## Data provided
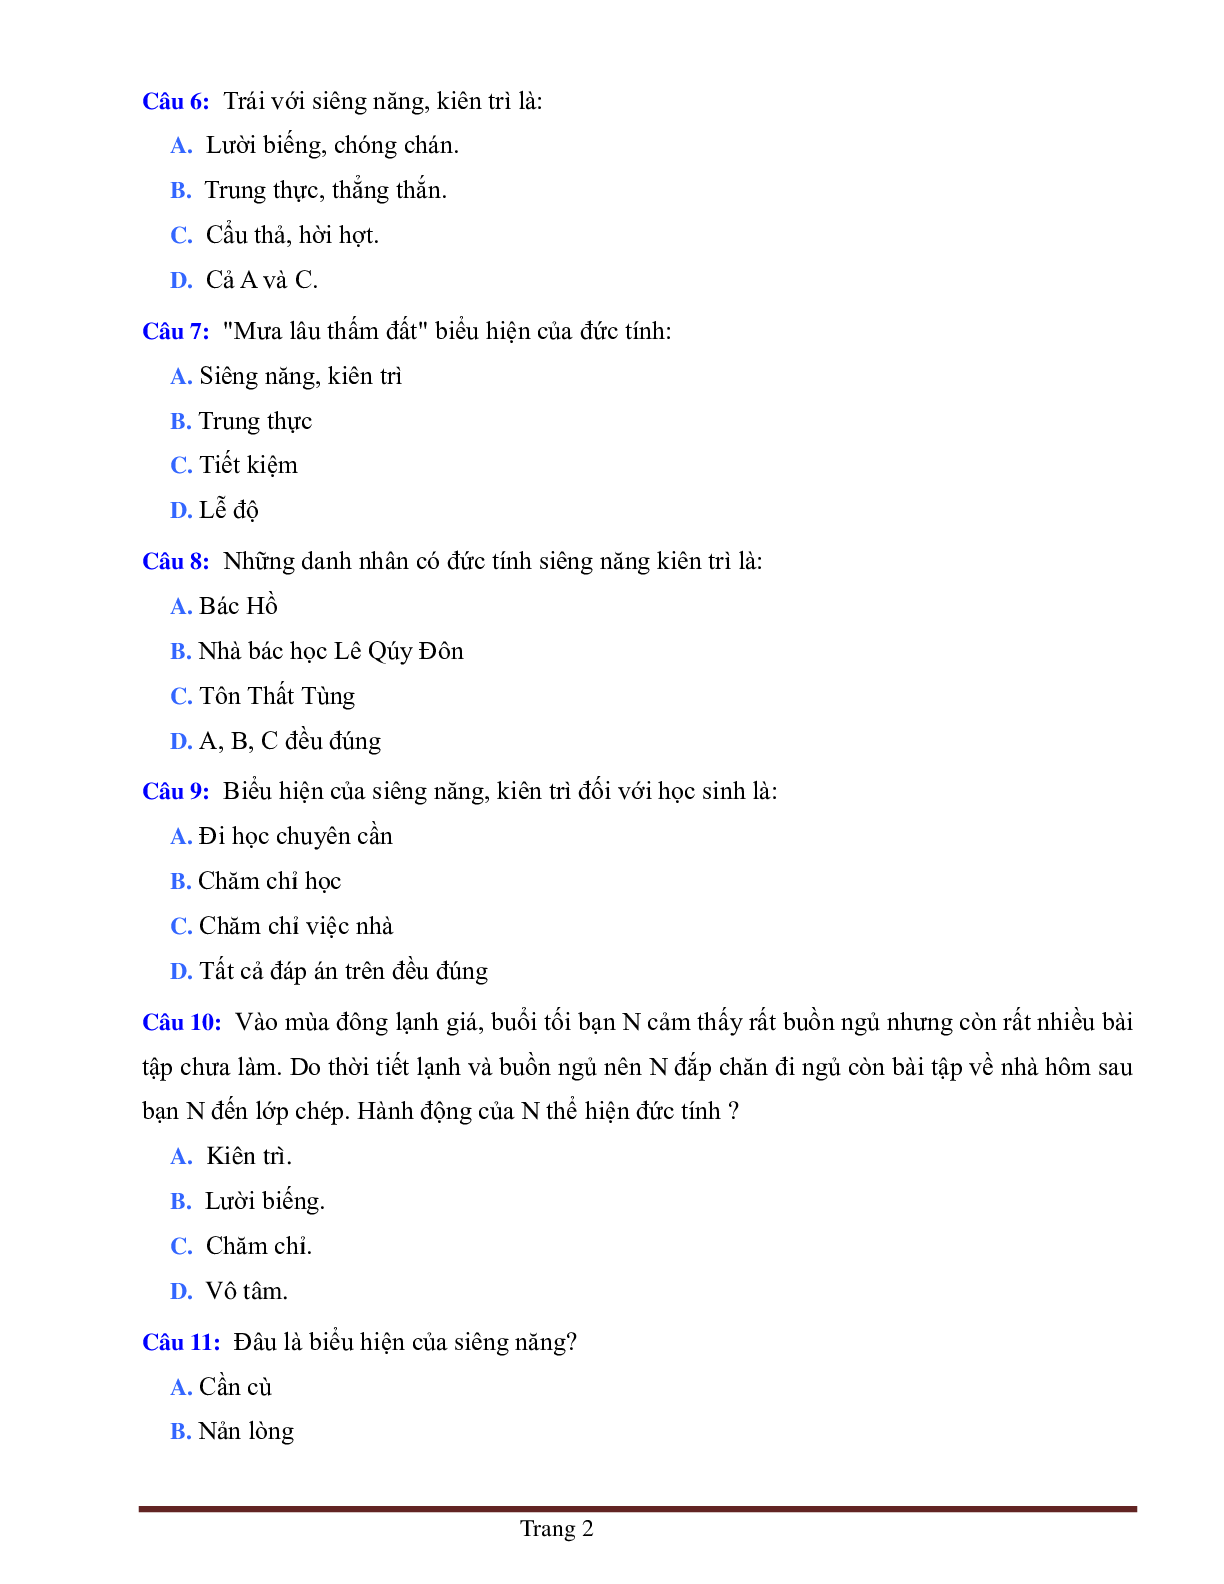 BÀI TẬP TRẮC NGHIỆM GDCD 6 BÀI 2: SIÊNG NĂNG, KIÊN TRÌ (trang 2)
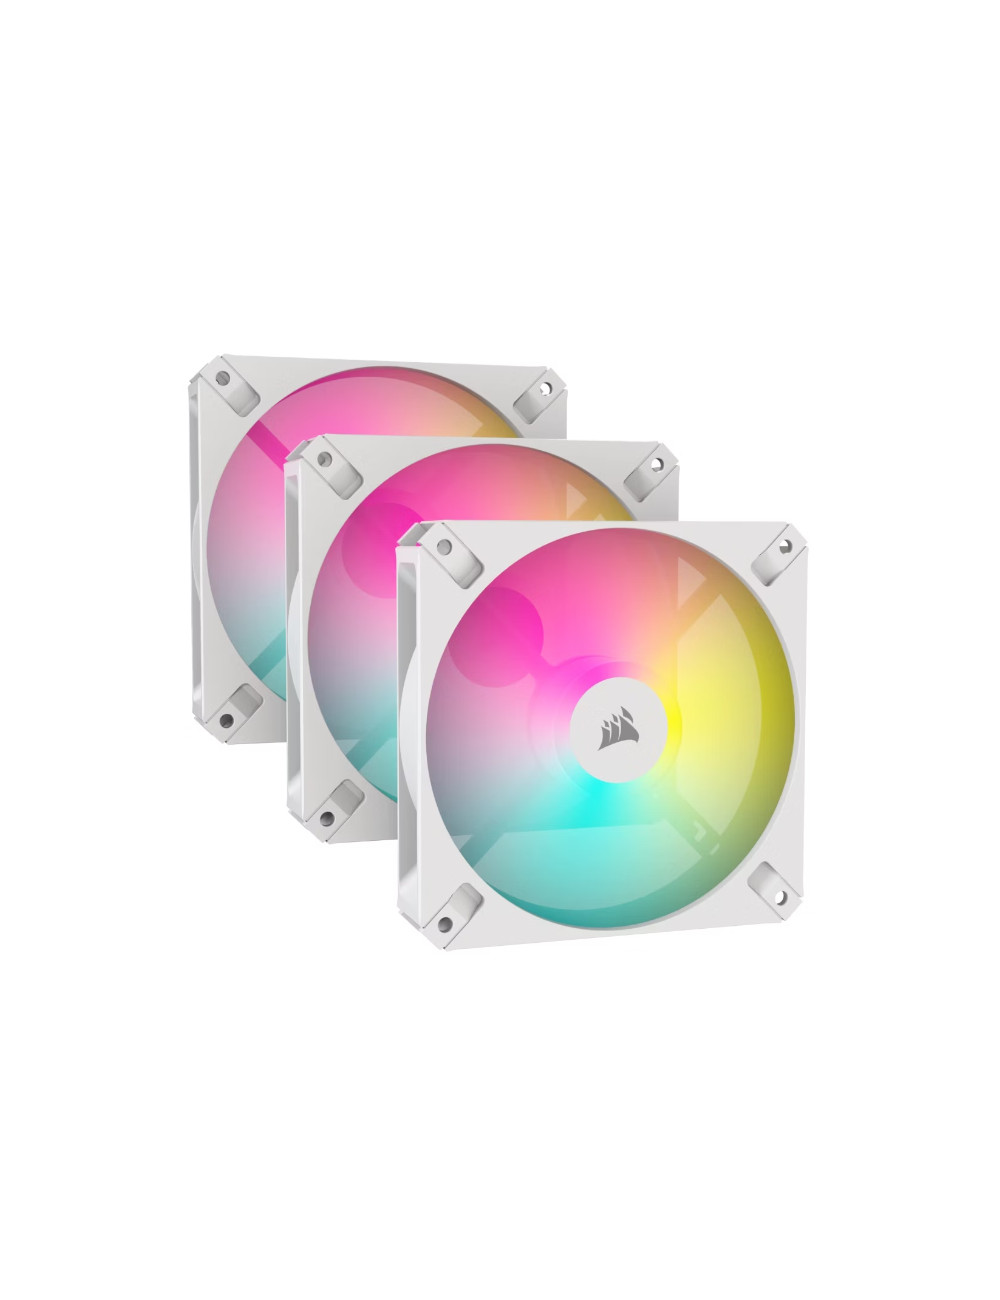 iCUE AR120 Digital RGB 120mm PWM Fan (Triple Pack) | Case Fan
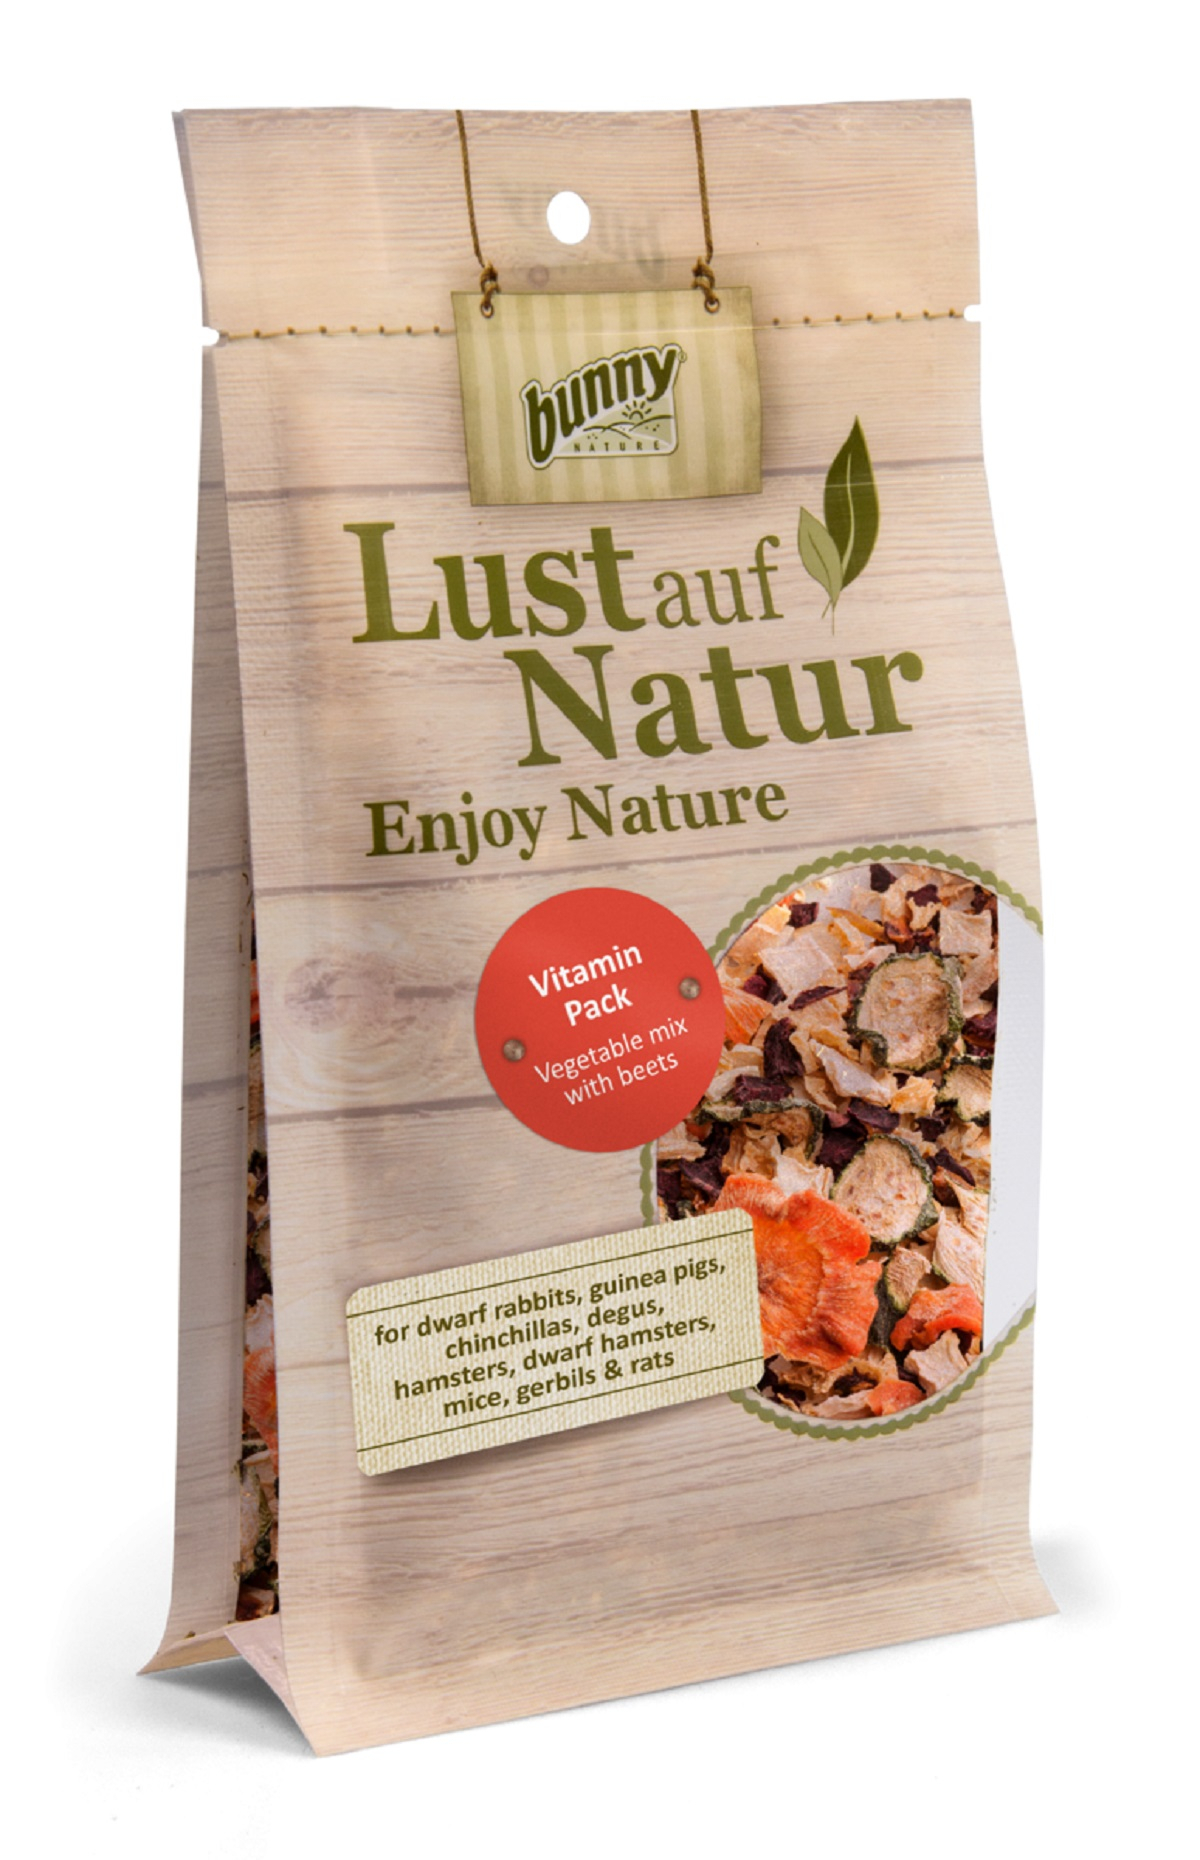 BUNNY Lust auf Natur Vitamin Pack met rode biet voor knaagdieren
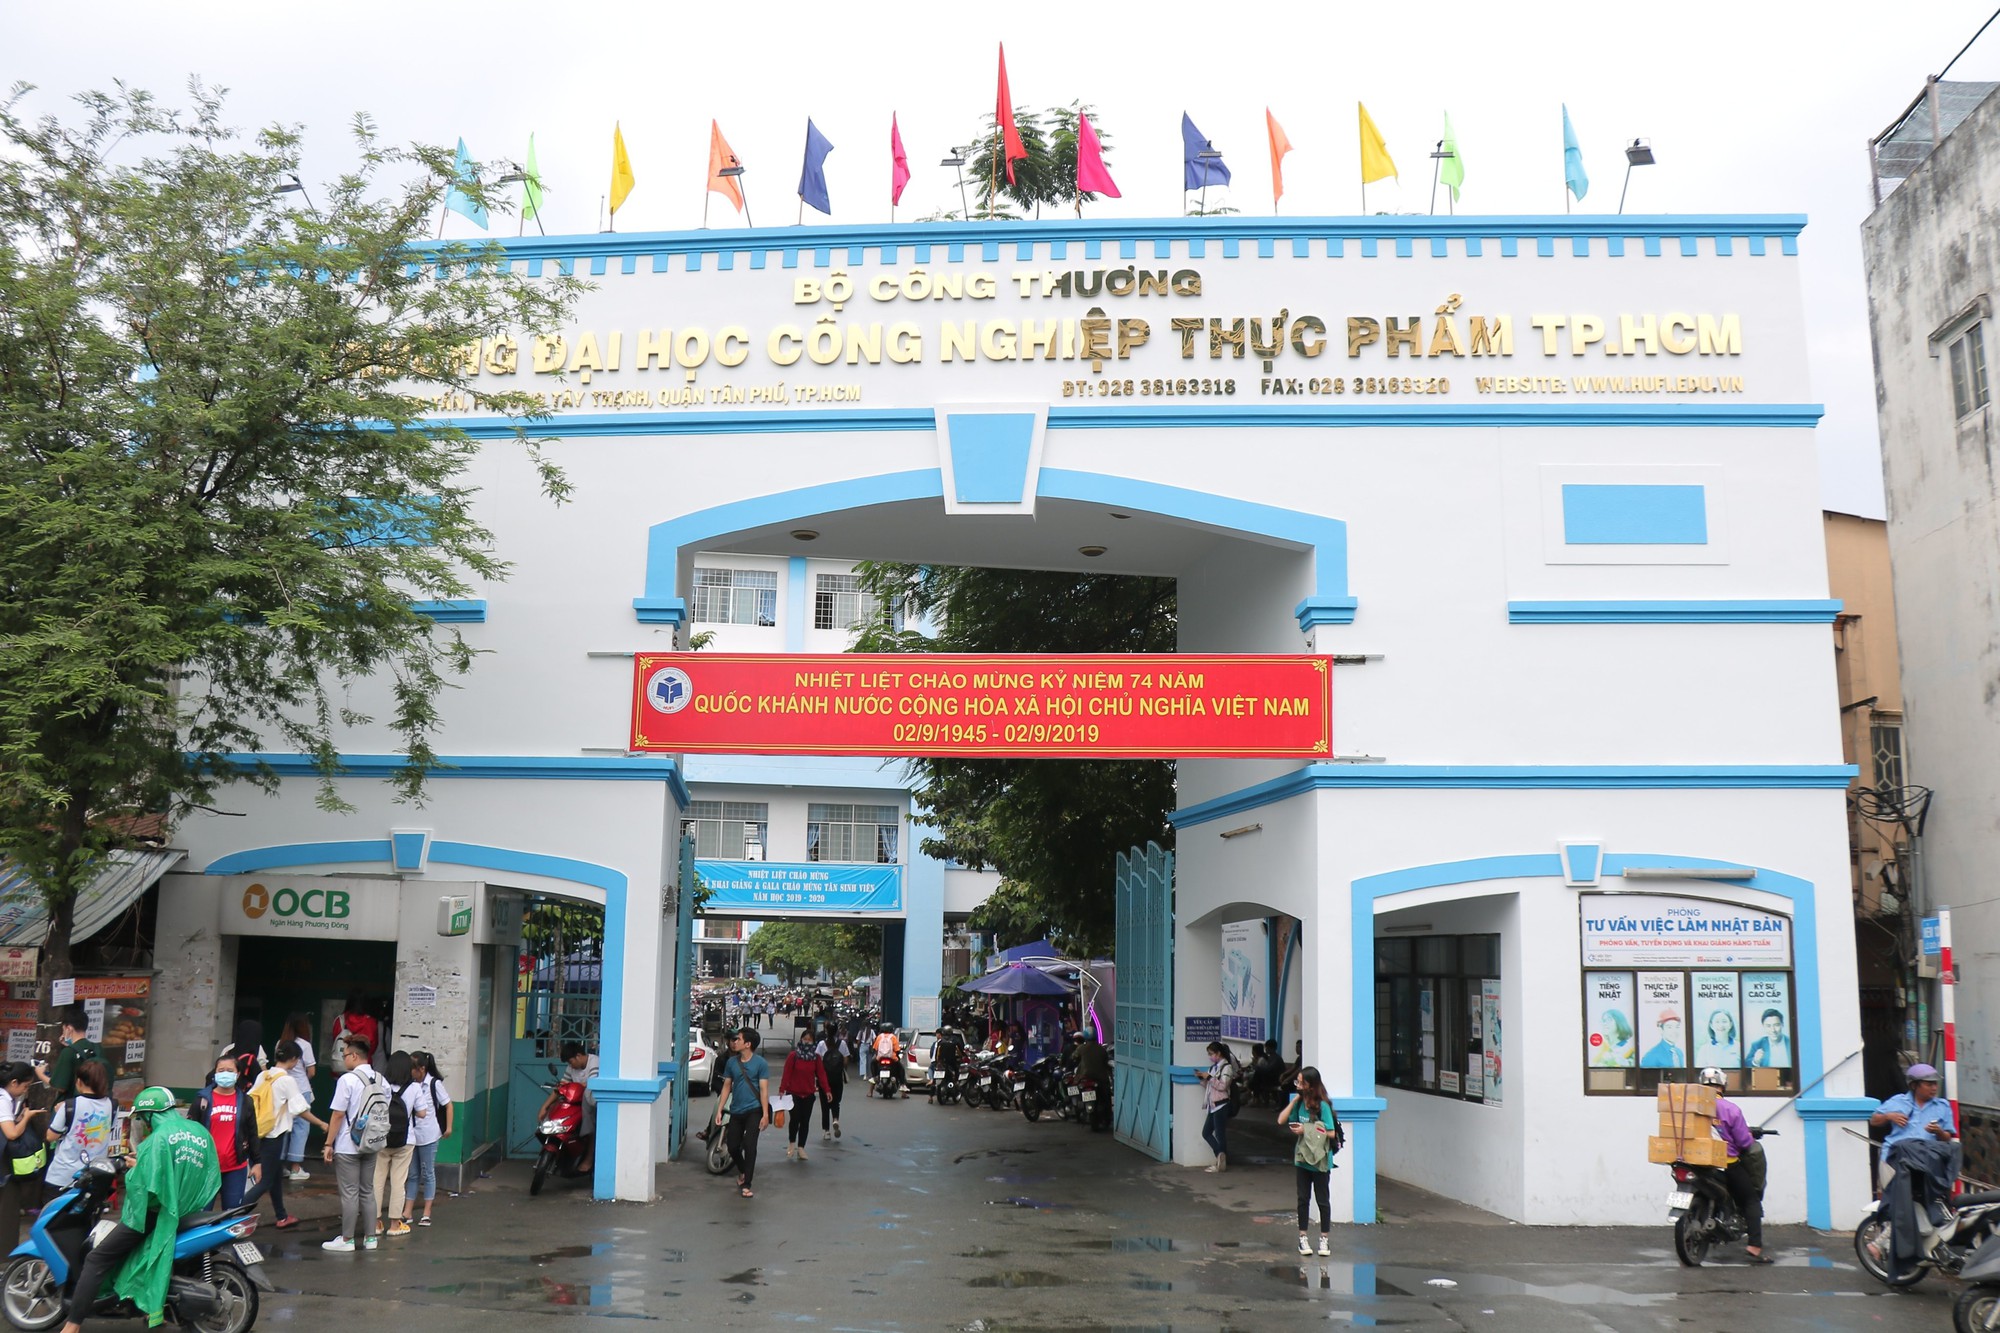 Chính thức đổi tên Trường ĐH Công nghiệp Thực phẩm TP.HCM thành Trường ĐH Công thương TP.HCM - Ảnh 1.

## Your task
Beginning with the line that contains "iCUE AR120 Digital" and ending with the last line of the data, transcribe each line exactly; pictures stay out.

## Written answer
 iCUE AR120 Digital RGB 120mm PWM Fan (Triple Pack) | Case Fan
 BUNNY Lust auf Natur Vitamin Pack met rode biet voor knaagdieren
 Chính thức đổi tên Trường ĐH Công nghiệp Thực phẩm TP.HCM thành Trường ĐH Công thương TP.HCM - Ảnh 1.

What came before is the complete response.